I’m still prayer stepping for those of you who asked for prayer. Tomorrow I’ll tell you about the totally non-Protestant thing I did on your behalf today.  I hope you don’t disown me!  

Monday, October 10, 2022

Don’t underestimate the end

 Don’t underestimate the end 

The Scripture’s say “weep with those who weep, and rejoice with those who rejoice.”  Today I almost made the mistake of “rejoicing in front of someone who wept”. 

I was walking down a hill in the early morning rain, and I suddenly realized I was “walking”. I wasn’t limping, I wasn’t over-compensating, I wasn’t wincing or excruciating. I was simply “walking down hill”. It’s been over 200 km since I walked naturally downhill. So I was rejoicing. 

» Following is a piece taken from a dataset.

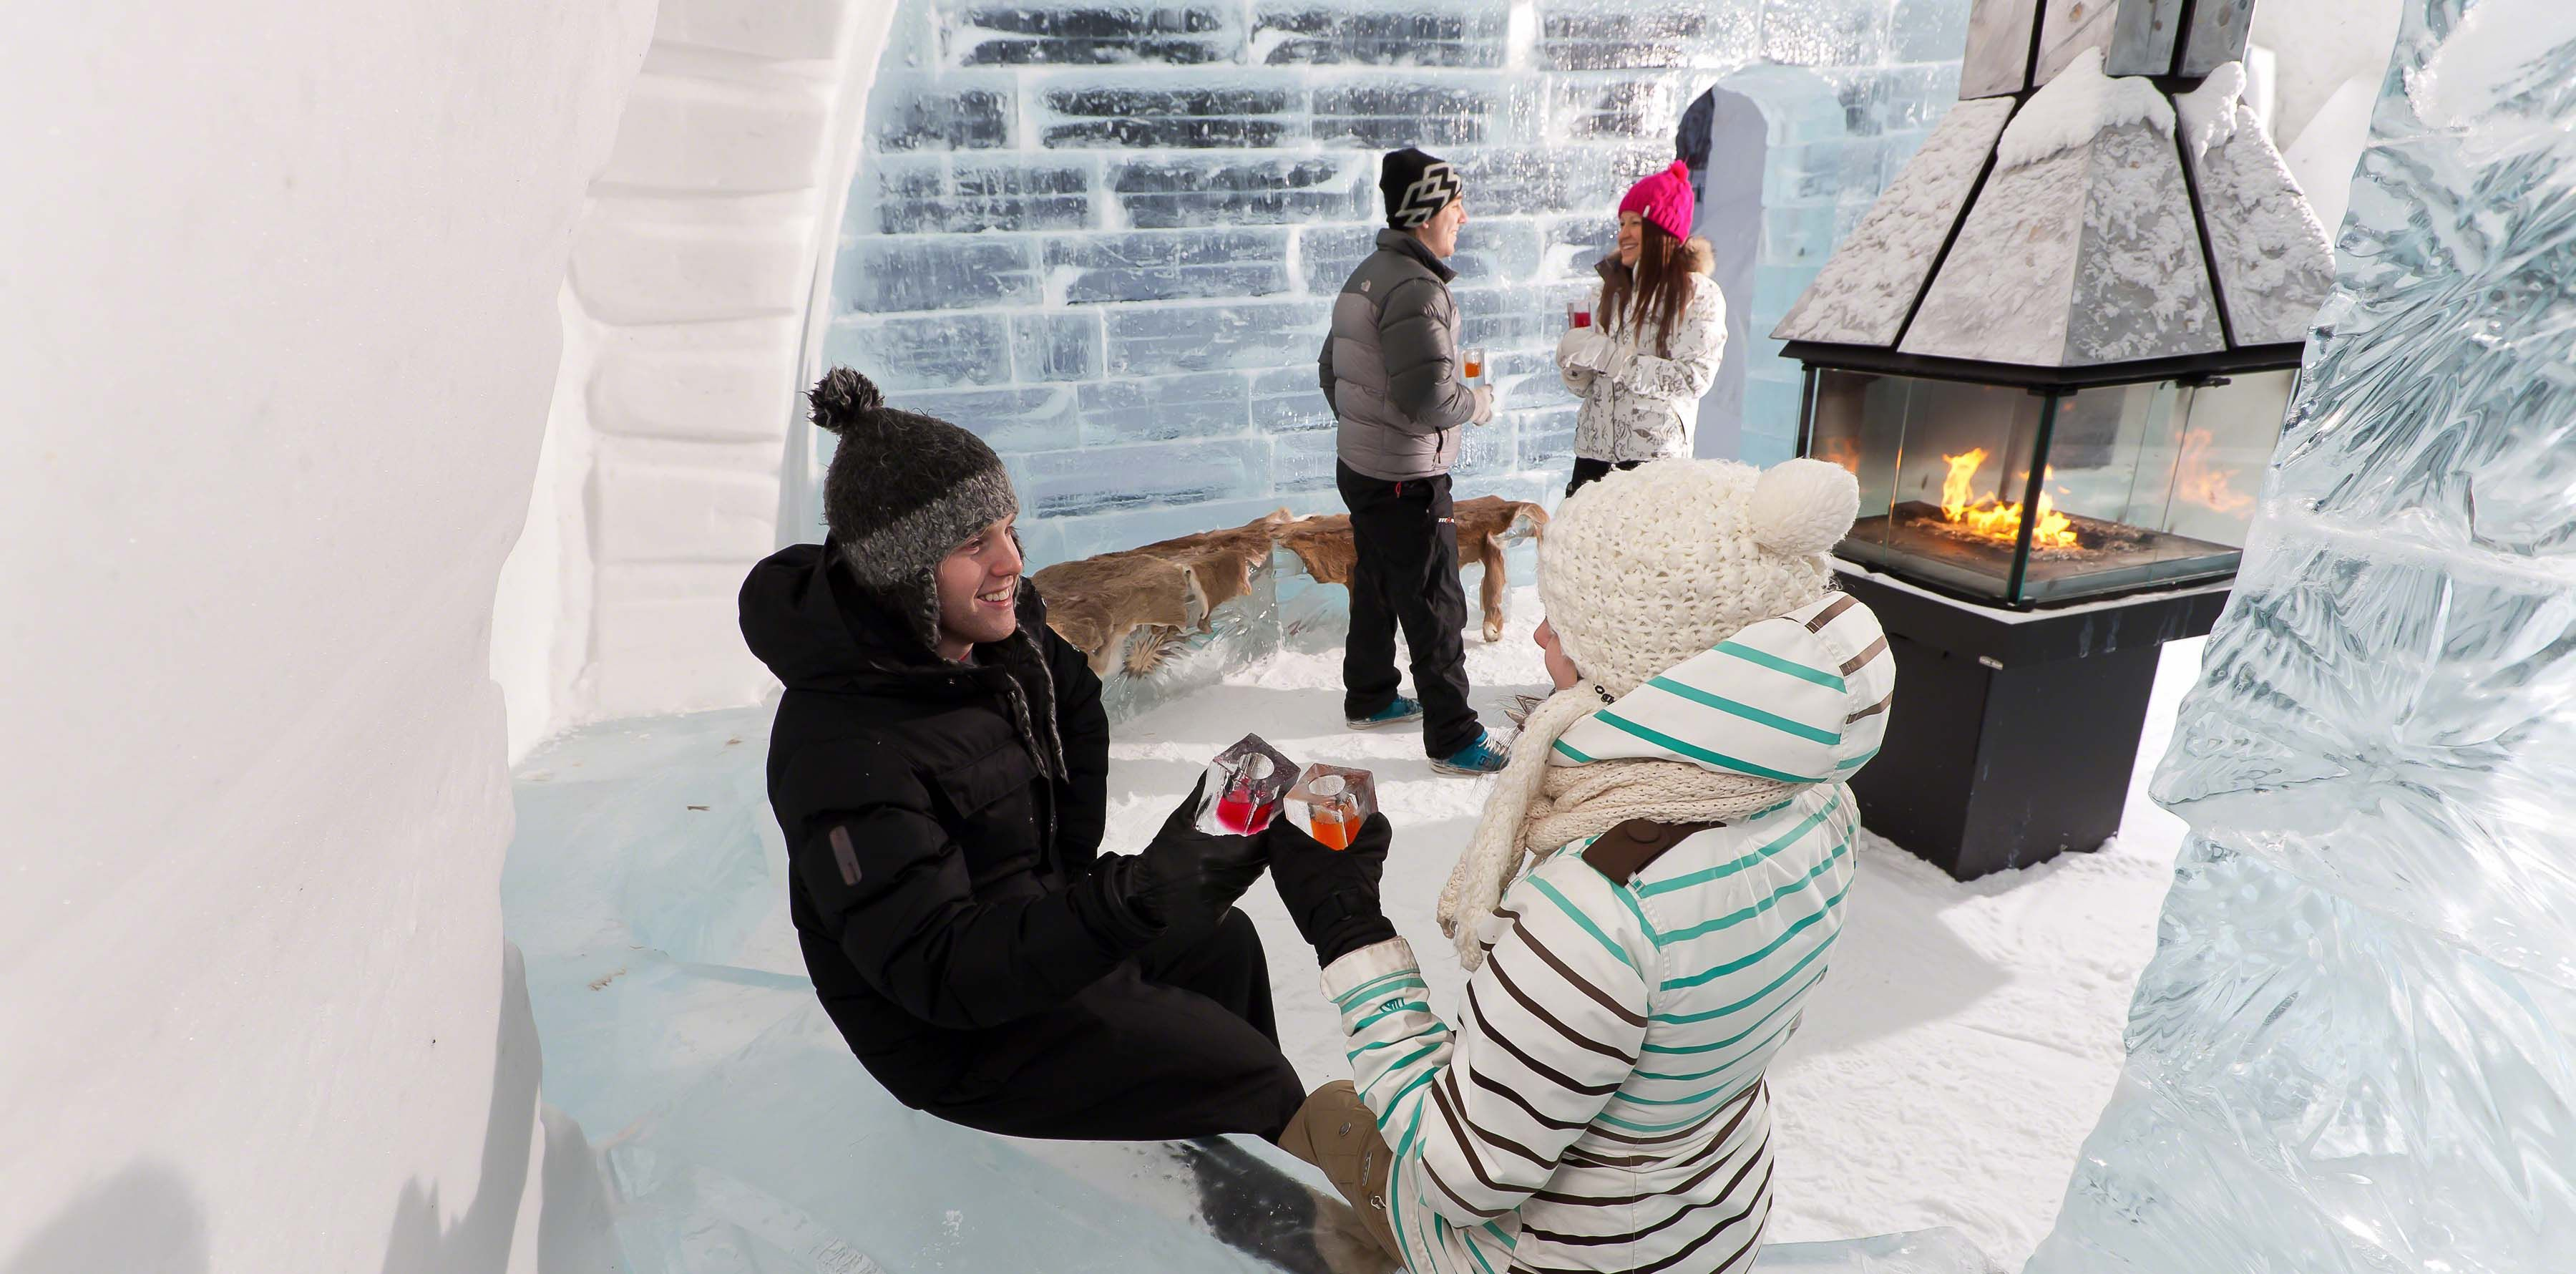 Hotel De Glace Quebec Roulez Magazine Ice Bars Summer Heat

Walking down into Ribadosio

I started to shout to Emily in front of me, “Hey Em!  Look!  Grandfather is walking downhill”. But just as I started to shout I noticed the unmistakeable sign of the beginning of a limp - in her leg.  270 km behind us. 200 or more up mountain hill, down mountain hill, and everything in between, and NOW (of all times) the rolling hills of Galicia were starting to take their toll. What looked like it should be an easy finish suddenly has a new dimension. 

An albergue named “Heidi’s Place”
demands that at least one pic be taken.  
Unfortunately, it was closed so we had to carry on 

We’ve been enjoying the company of a couple from Finland for the last week. Ilka and Seneca are a strong seafaring couple and covered those 200 + km of mountain hills valiantly. But tonight when we arrived at the hostel, Ilka told us his wife had gone to the hospital this morning and had a toe nail removed. She may or may not be able to walk tomorrow. What looked like an easy finish has suddenly taken in a new dimension. 

Moral of the story??  I have no idea, but that’s what happened today. 

I guess the moral is: don’t underestimate the end. (Blue Jays fans may have an idea what I am talking about after this weekend’s tragic collapse.)

Today’s details. 

24 km from Melide to Calle

Hard rain (we ARE in Galicia) for most of the day. The sun broke out to warm the day at the end. 

280 km behind us. 

31 km left. 

Tomorrow the plan is to do another 20 km to Labacolla, and then finish before noon on Wednesday

Thanks for following

Thanks for praying

Thanks for sharing your prayer requests with me. 

Everyone tells me “tú nieta es muy guapa”.
And I always reply, “¡Ella es también muy fuerte!”